In addition to the terrain and point-cloud-derived descriptors we provide three sets of auxiliary data with EcoDes-DK15. These are four layers of ALS point source information, a mask for inland water and a sea mask, as well as a shapefile of the footprints of the 1 km×1 km tiles in the data set and their unique identifier.

3.6.1 Point source information

The point source attribute of the DHM/Point-cloud represents differences between sensor units or aircraft that may have been used during the nationwide lidar campaign, differences in the acquisition time and date, and differences in the viewpoint or acquisition angle of the cells. To aid in interpretation of descriptors that may be particularly influenced by point source, like the amplitude descriptors or the vegetation proportions, we provide summary information about the point sources within each 10 m×10 m cell. We summarised this information in four descriptors: “point_source_counts”, “point_source_ids”, “point_source_nids” and “point_source_proportions”. For each tile (file name suffix = tile id), these descriptors are found in four subfolders bundled up in the parent “point_source_info” folder.

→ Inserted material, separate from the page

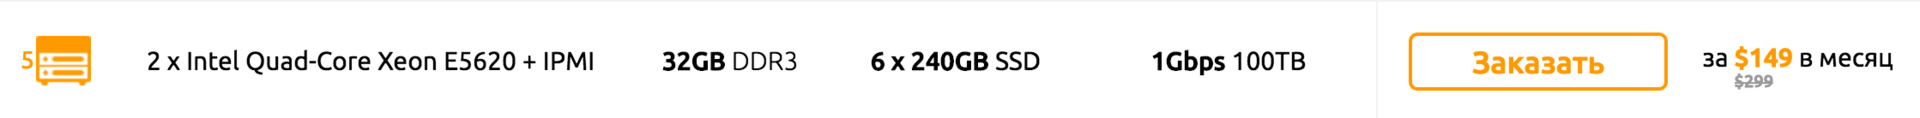 Cерверы с «устаревшими» CPU или более высокая цена? Мы нашли компромисс! 2 x E5620 - 32GB DDR3 - 6 x 240GB SSD - 1Gbps? - 3

The point_source_ids is the multi-layer raster containing one 16 bit integer layer for each point source id found in a tile. If a point with a given point source id is present, the value of the cell is set to the point source id (an integer number) in the respective layer for the point source id; otherwise the value of a cell is set to 0. This multilayer raster can be used to match the file names of the point_source_counts and point_source_proportions rasters to a given point source id. Point source ids were extracted using Opals Cell.

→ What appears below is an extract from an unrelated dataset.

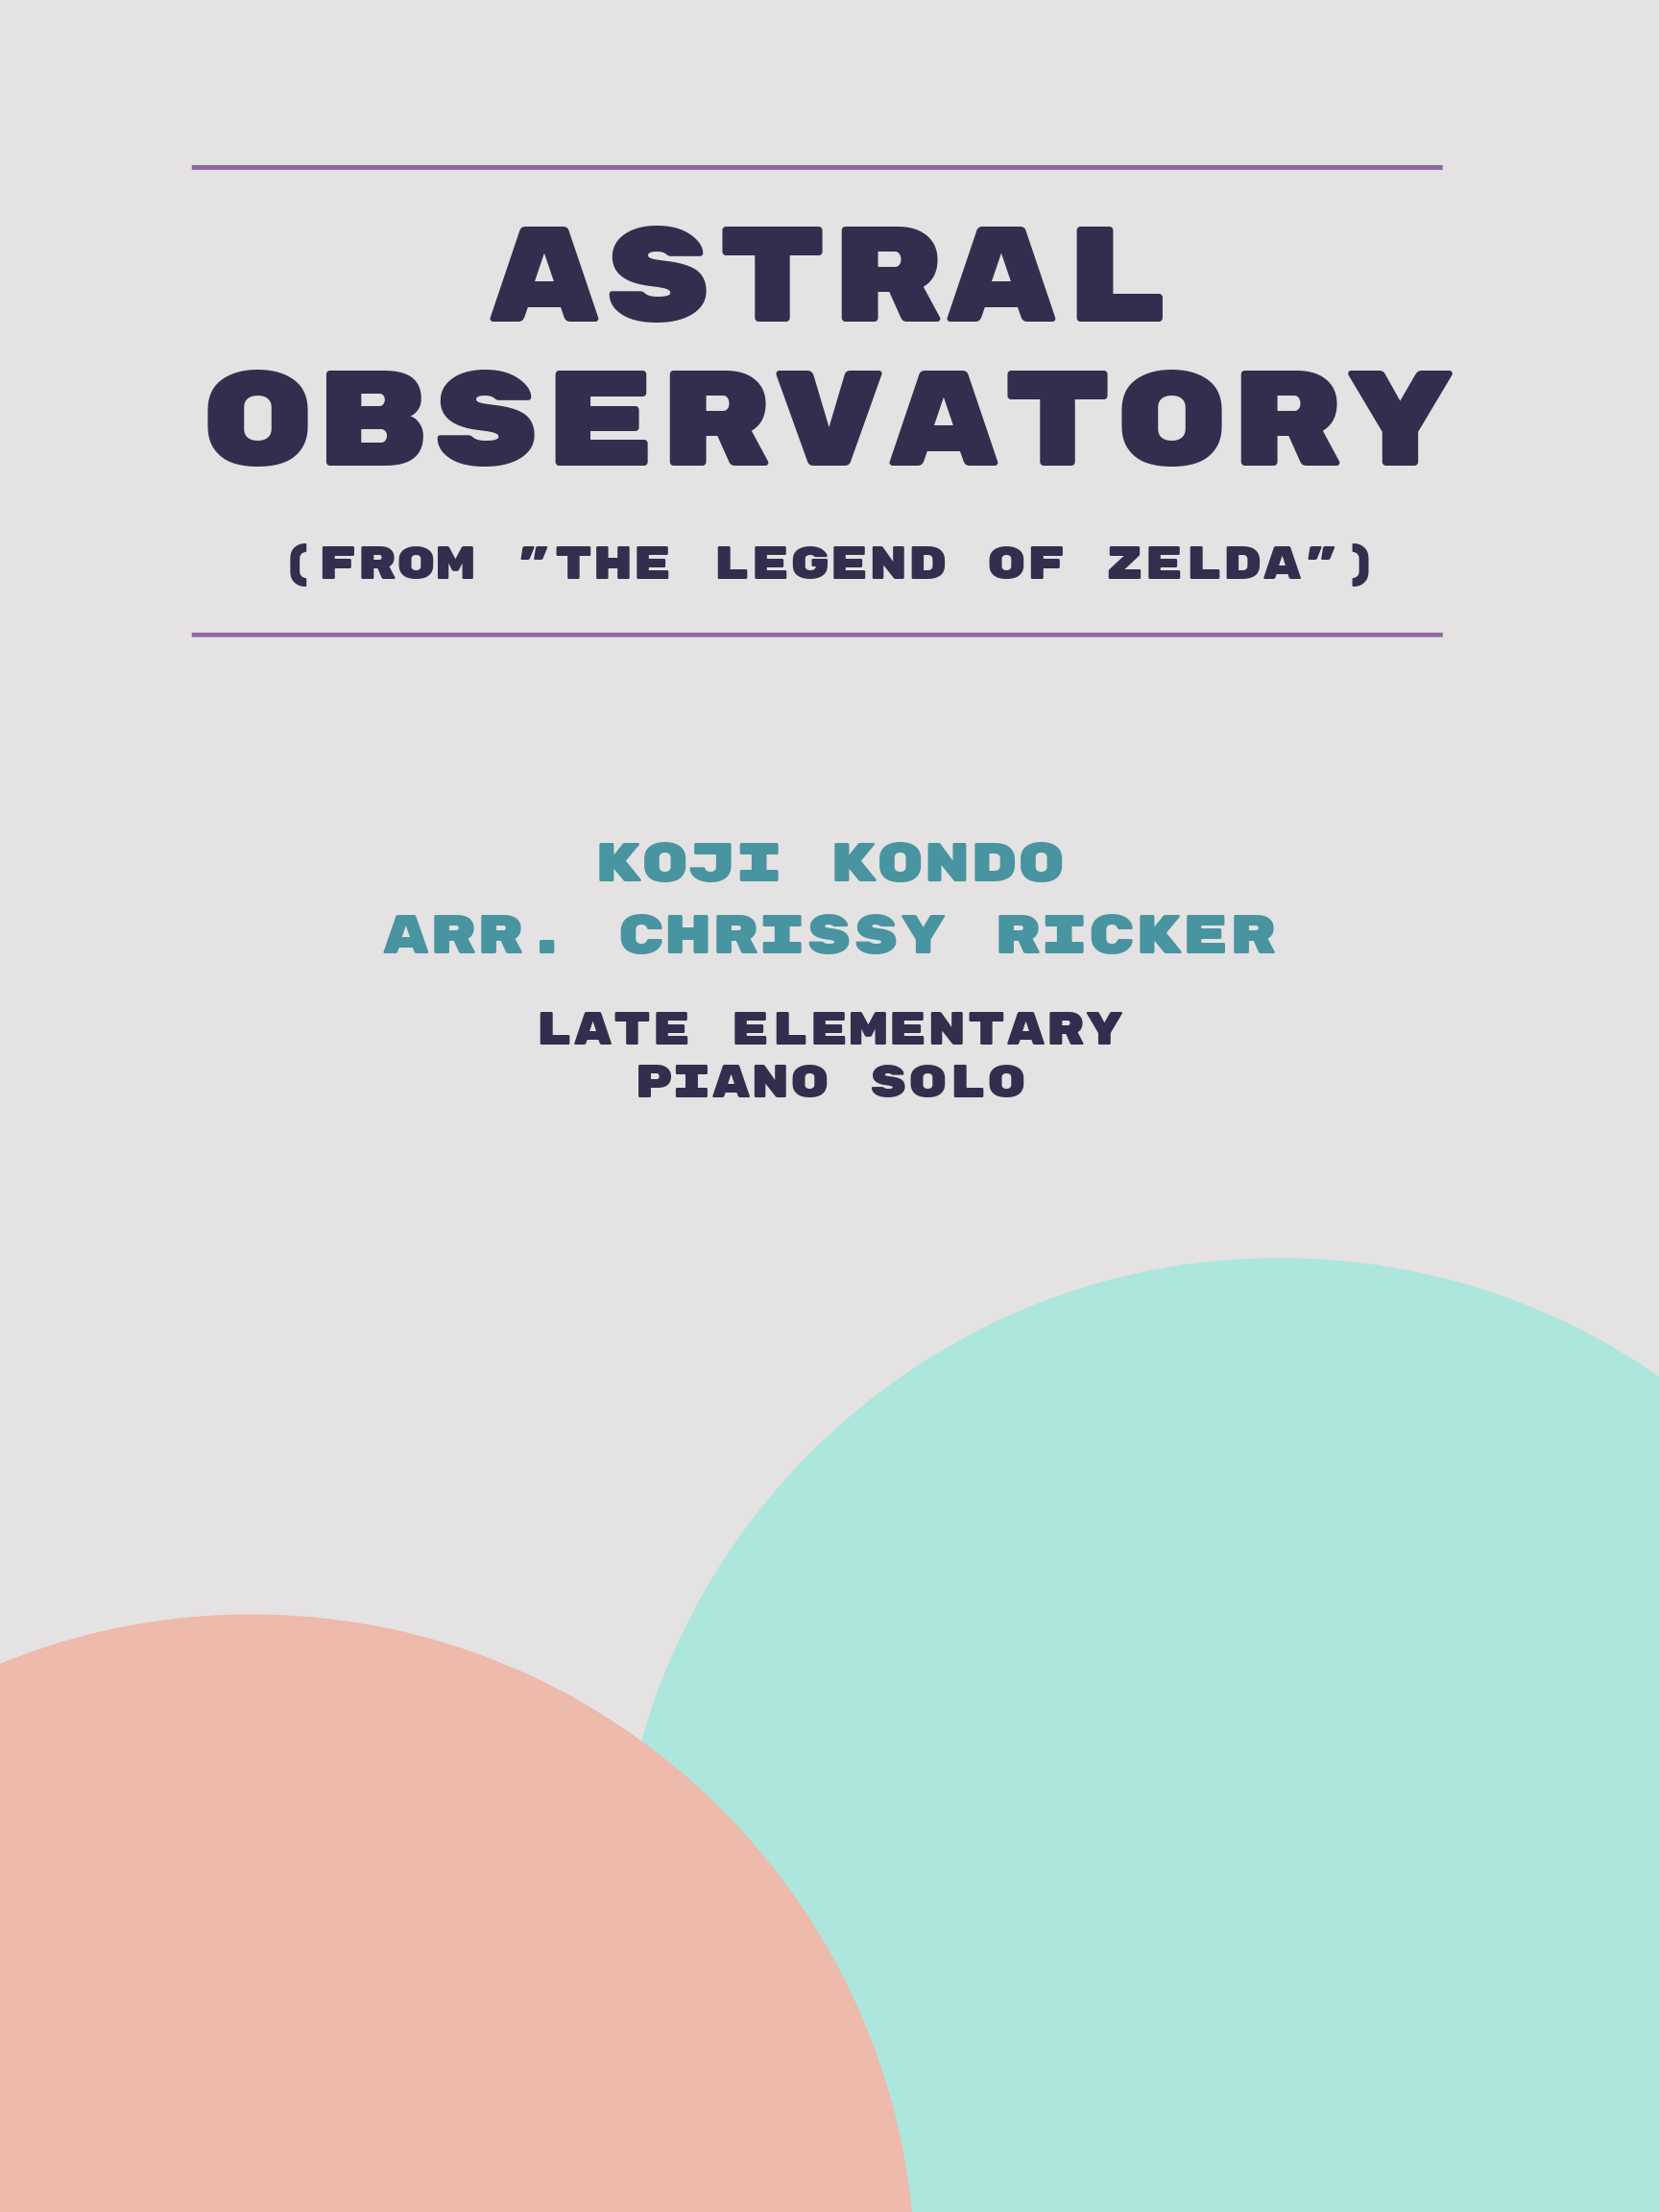 Astral Observatory by Koji Kondo

The point_source_nids is the single layer GeoTIFF files containing the number of different point source ids in each cell stored as 16 bit integers. We calculated the number of point source ids based on the point_source_ids descriptor using gdal_calc.

For point_source_counts, for each tile there are multiple rasters (up to four), one raster for each point source id found in the point cloud of the tile (see the point_source_ids descriptor). These rasters are named with an additional suffix, which matches the integer point source id for which the point counts are given in the raster (e.g. point_source_counts_xxxx_xxx_y*, where xxxx_xxx is the tile id and y* the integer point source id). The rasters contain the number of points per 10 m×10 m cell for the respective point source id in the tile. Counts were extracted using the OPALS Cell module and stored as 16 bit integers.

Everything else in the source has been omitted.